Directed by Charles Band
Expectations: Moderate. Killer cookie, sounds good enough.
On the general scale:
On the B-Movie scale:
Sorry Charlie, this movie sucks. I don’t even know where to begin, but when I started having flashbacks to Thankskilling, I knew I wasn’t in friendly waters. The Gingerdead Man isn’t quite as bad as that awful killer turkey movie, but it does share a lot of qualities. The Gingerdead Man himself is a puppet that’s killing people while unleashing mildly amusing profanity-laden quips, and while they’re better written than Thankskilling‘s, they are just as facepalm-inducing. You would think that the man who literally created the killer puppet genre could wrench out a better film than this, but I suppose when you’ve made about forty in the genre you’re allowed a dud once in a while.

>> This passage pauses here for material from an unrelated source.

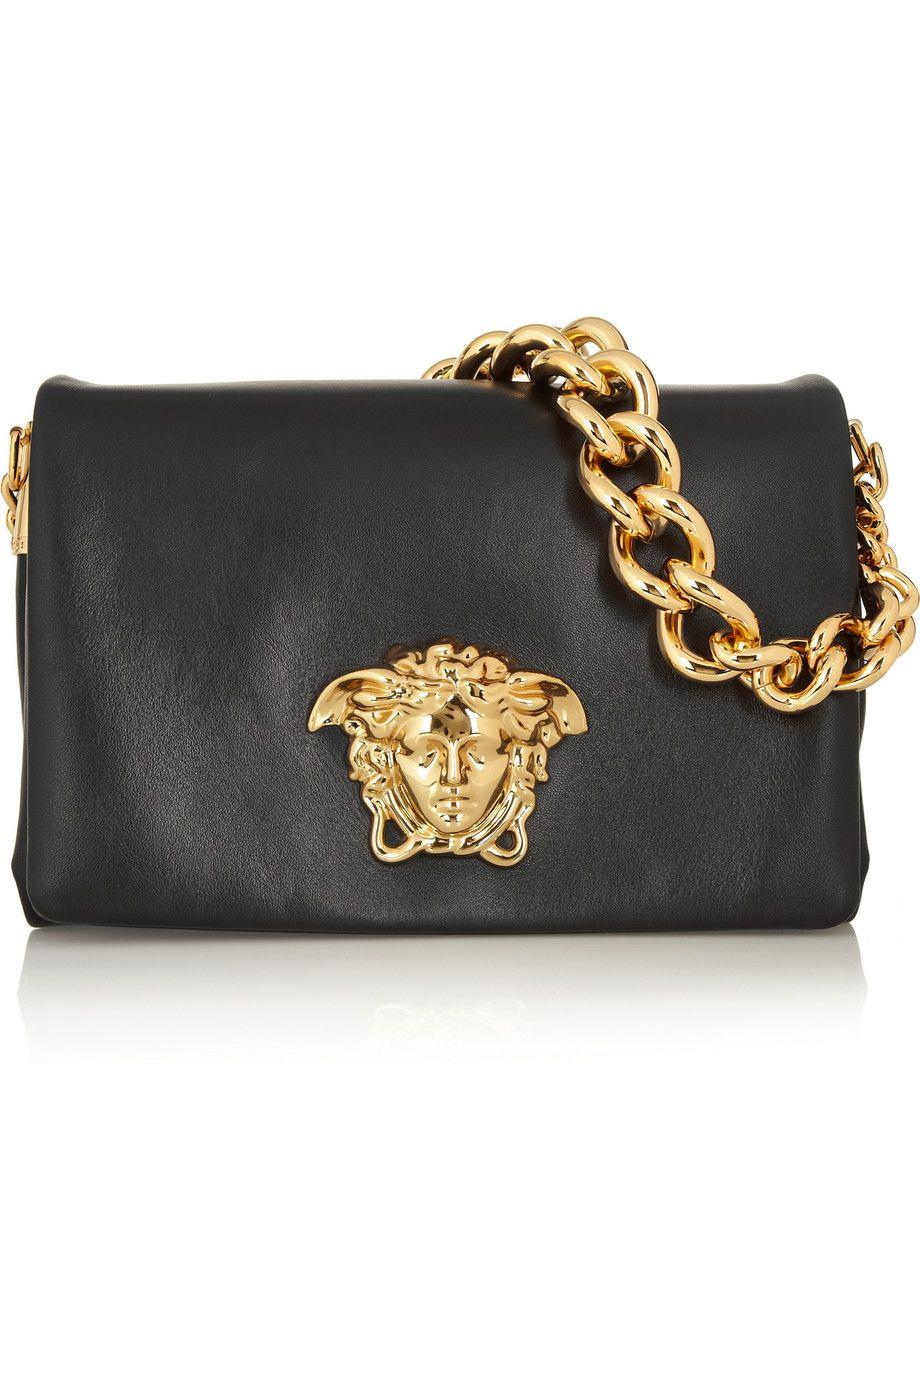 Versace Leather Shoulder Bag Net A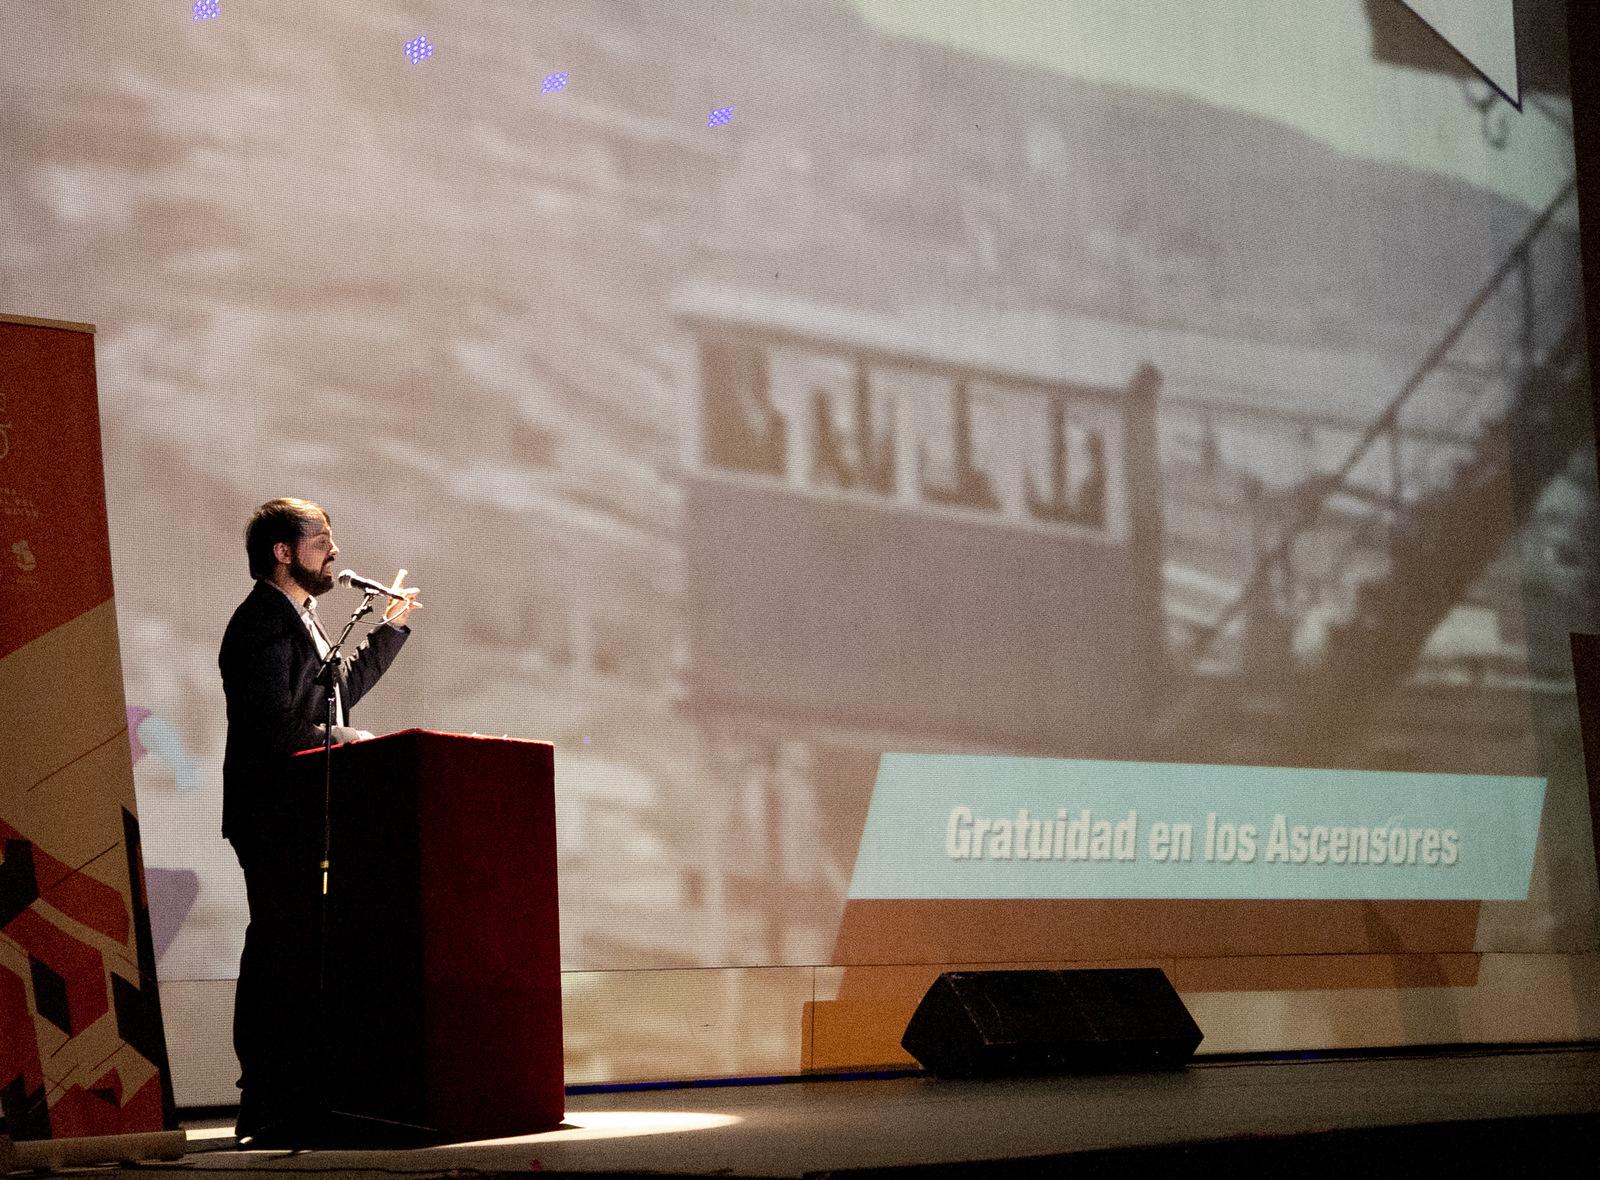 Valparaíso: Sharp anuncia que ascensores serán gratuitos para los adultos mayores

Gary Busey plays a crazed lunatic who takes control of a diner and kills the father and brother of our main character, _________ (insert random female name here). He can’t bring himself to kill her and is apprehended by the cops. They execute him and mail his ashes to his mom, who is apparently a practitioner in some wild shit, as she mixes his remains into a gingerbread seasoning and leaves him on the doorstep to the spared girl’s family bakery. A wannabee wrestler who works with her cuts himself and bleeds into the dough, so when the girl decides to bake up a giant gingerbread man, she gets more than she bargained for!
The premise is a fun one, and the setup isn’t too bad. It’s handled clumsily, but that seems more like a casualty of the budget than anything else. Charles Band still knows how to shoot a movie so it has the benefit of being relatively easy on the eyes. The main problem is with the script though, as the writing is just awful, made even worse by the bad acting. I’m a fan of good bad acting, but the work here from almost everyone is just shit. The main girl is OK, as is the wrestler yahoo, but they aren’t good enough to carry my interest or attention for an entire film. And this film is only about sixty minutes long when you discount the near-twenty minutes of credits.
In these types of horror films it’s more about rooting for the puppet than the humans, but the budget here was either too small or poorly used, as the gore footage that might make this fun is virtually non-existent. The Gingerdead Man puppet (fashioned by John Carl Buechler) is great and looks awesome doing whatever it happens to be doing, but that’s about where the charm of this one ends. The puppet must have cost more than expected, as all the death scenes are quick cut-aways and cheap bullshit instead of quality splatter FX. Band has never been known to throw too much blood around but he’s gotta do better than this.
Shitty writing and no gore? Fuck this. Hopefully the sequel is better.